In [1]:
# pip install -e .. -q

In [2]:
import itertools

import numpy as np
import pandas as pd
import scipy as sc
from scipy.stats import dirichlet, gamma

In [3]:
from GraphPY.posterior.plotting import plot_param_posterior_Gaussian1D, plot_with_computed_post1D
from GraphPY.sampler.samplers import GPYSamplerGaussian1D

# Generating data

* Dirichlet-Multinomial approximation to GDP model
* Gaussian kernell and atom distribution
* Graph 1-2, 1-3, 2-4, 3-4
* 50 observations per node

Note: plots in the notebooks are just inserted images, to get actual plotly figures run the code

In [4]:
# Generating the data

np.random.seed(1)

#--------------------------------------------

L = 10
alpha_0 = 10
eps = 1e-10 * np.ones(L)

sigma_phi = 3
sigma_x = 0.7
mu_phi = 1

n_1 = 50
n_2 = 50
n_3 = 50
n_4 = 50

#--------------------------------------------

alpha_1 = gamma.rvs(alpha_0, 1)
alpha_2 = gamma.rvs(alpha_1, 1)
alpha_3 = gamma.rvs(alpha_1, 1)
alpha_4 = gamma.rvs(alpha_2 + alpha_3, 1)

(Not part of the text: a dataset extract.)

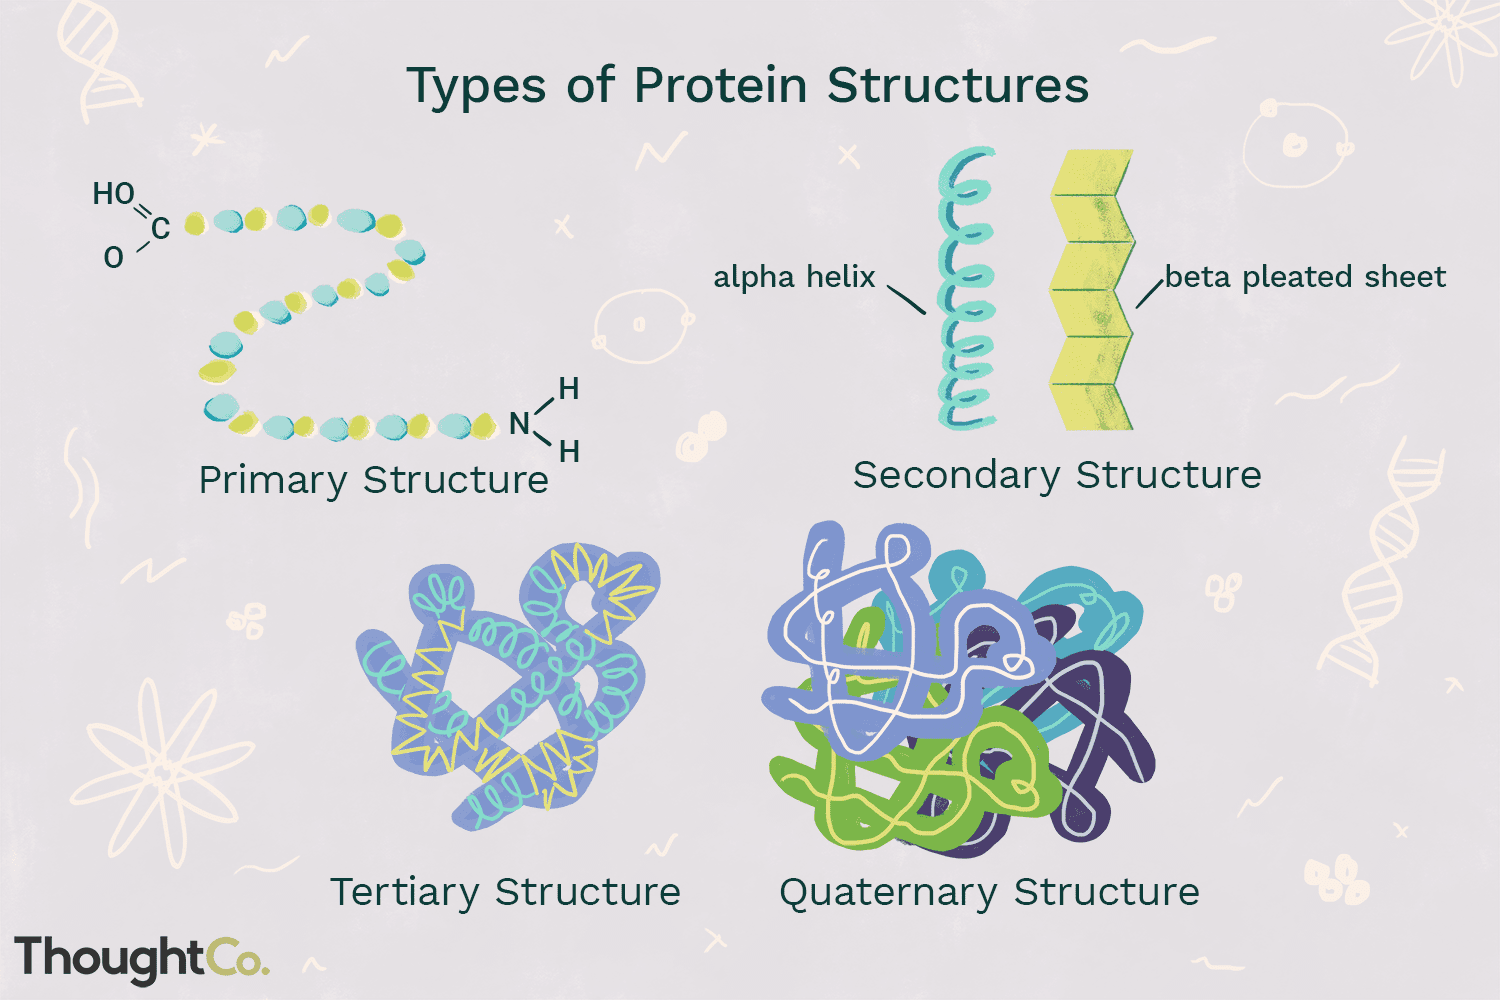 <p>-2 or more individual polypeptide subunits -not present in all proteins</p>
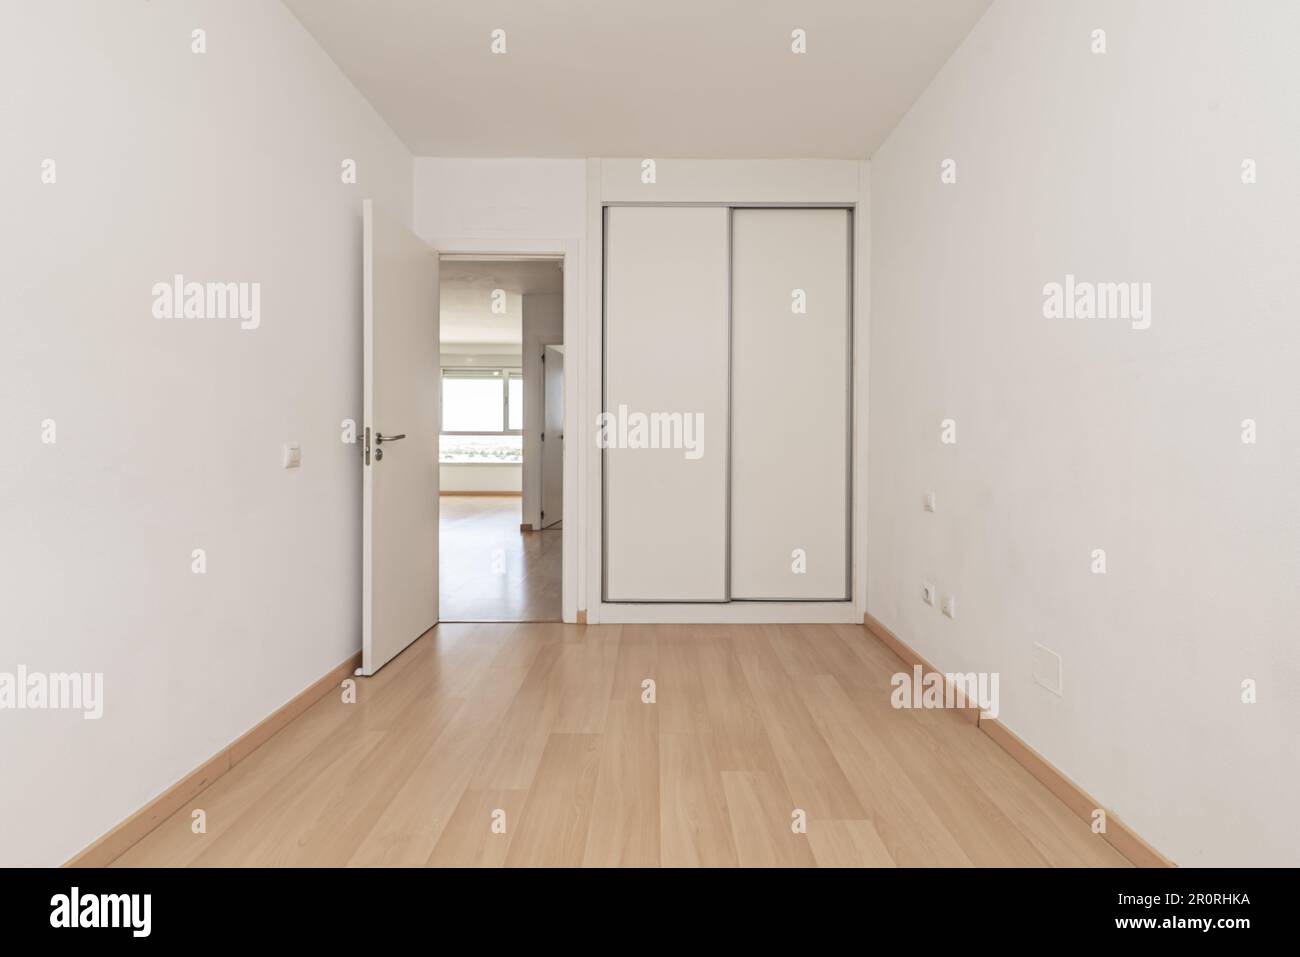 An empty room in an apartment with a built-in wardrobe with white sliding doors, a light wooden floor and white access doors, plain walls and wooden b Stock Photo

beta_1 = dirichlet.rvs(alpha_1 * np.ones(L)/L)[0] + eps
beta_2 = dirichlet.rvs(alpha_2 * beta_1)[0] + eps
beta_3 = dirichlet.rvs(alpha_3 * beta_1)[0] + eps

pi = sc.stats.beta.rvs(alpha_2, alpha_3)

beta_4 = dirichlet.rvs(alpha_4 * (pi * beta_2 + (1 - pi) * beta_3))[0] + eps

phi = np.random.normal(loc=mu_phi, scale=sigma_phi, size=L)

#--------------------------------------------

z_1 = np.random.choice(a=np.arange(L), size=n_1, p=beta_1)
z_2 = np.random.choice(a=np.arange(L), size=n_2, p=beta_2)
z_3 = np.random.choice(a=np.arange(L), size=n_3, p=beta_3)
z_4 = np.random.choice(a=np.arange(L), size=n_4, p=beta_4)


x_1 = np.random.normal(loc=phi[z_1], scale=sigma_x)
x_2 = np.random.normal(loc=phi[z_2], scale=sigma_x)
x_3 = np.random.normal(loc=phi[z_3], scale=sigma_x)
x_4 = np.random.normal(loc=phi[z_4], scale=sigma_x)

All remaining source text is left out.